Geez. Break out the Geritol.
Field Day 1961. The mighty Rock Creek ARA, W3RCN. Myself, KN3OAE; my buddy
Avery, KN3NKD (W3AVE); both 16 years old, both also with Technician licenses,
are to be the 15 CW crew. Another Novice joins us, 12 year old Robbie Wachtel
(now W6RPT). 75W, crystal controlled; dipole; 24 hours; 13 QSOs.
The Club had some kind of VHF rig at the cook shack so you could work the Club
station with your own call (even Technicians). I think it was legit back then.
That August, Avery and I ride with my Dad's carpool to downtown DC, walk to the
FCC office to take the General test. Robbie shows up too! What a coincidence!
What a day! We all passed!!!
Field Day '62. Avery and I, just graduated from High School, are back on 15 CW
for W3RCN. I can't remember if Rob was there. Two new friends, younger, but
licensed longer than us, join us. VFO (maybe Avery's Heath VF-1); 3-el
homebrew beam (!!!!) on a push-up mast; 24 hours; 130 QSOs. What an
improvement!
(For one of those FD's -- I think it was the second one -- Avery and I built a
CQ wheel. sparky-sparky spark-spark-p-spark...)

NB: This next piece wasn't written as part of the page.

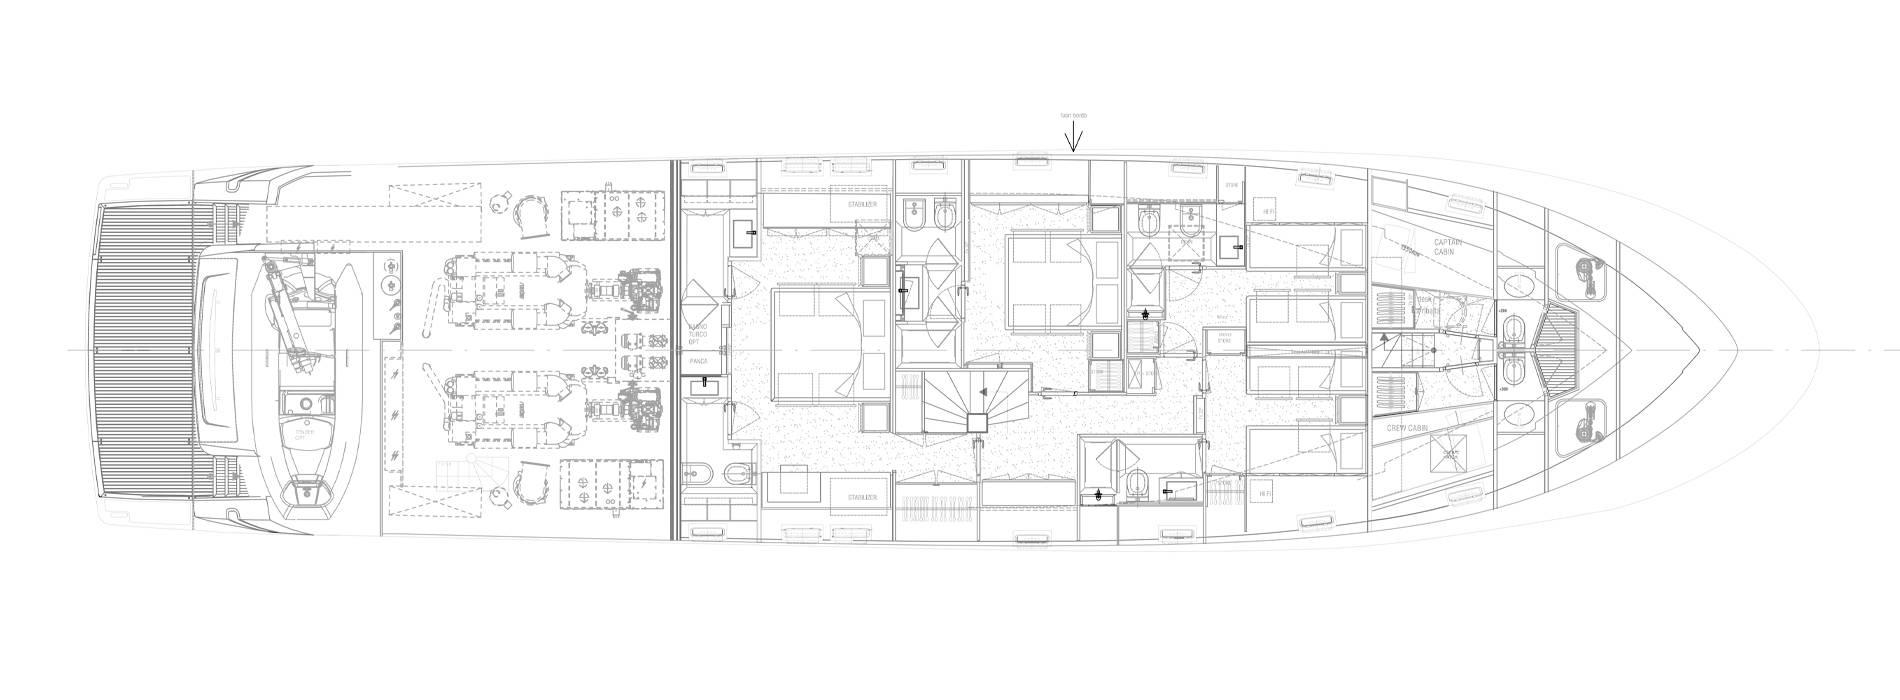 Sanlorenzo Yachts SL96-631 under offer 下层甲板

My first "real" contest was the 1962(?) Delaware QSO Party; you can imagine how
many QSOs a one-band non-Del station made. After that, off to W1MX, where I
came under the guidance of, inter alia, K4BVD, K4RID, and the aura of W4YHD and
K2KIR. (And where, as I have mentioned, I got us DQ'd from the 1963 ARRL DX
CW.)
So, other than more reminiscing, what's the point of all this? I'm somewhere
in the middle of the age cohort here, but I'll bet none of us considers
ourselves old. There's only about one month until SS CW. (I hear that there
is some kind of 'fone DX test before then.) All right! Let's go!!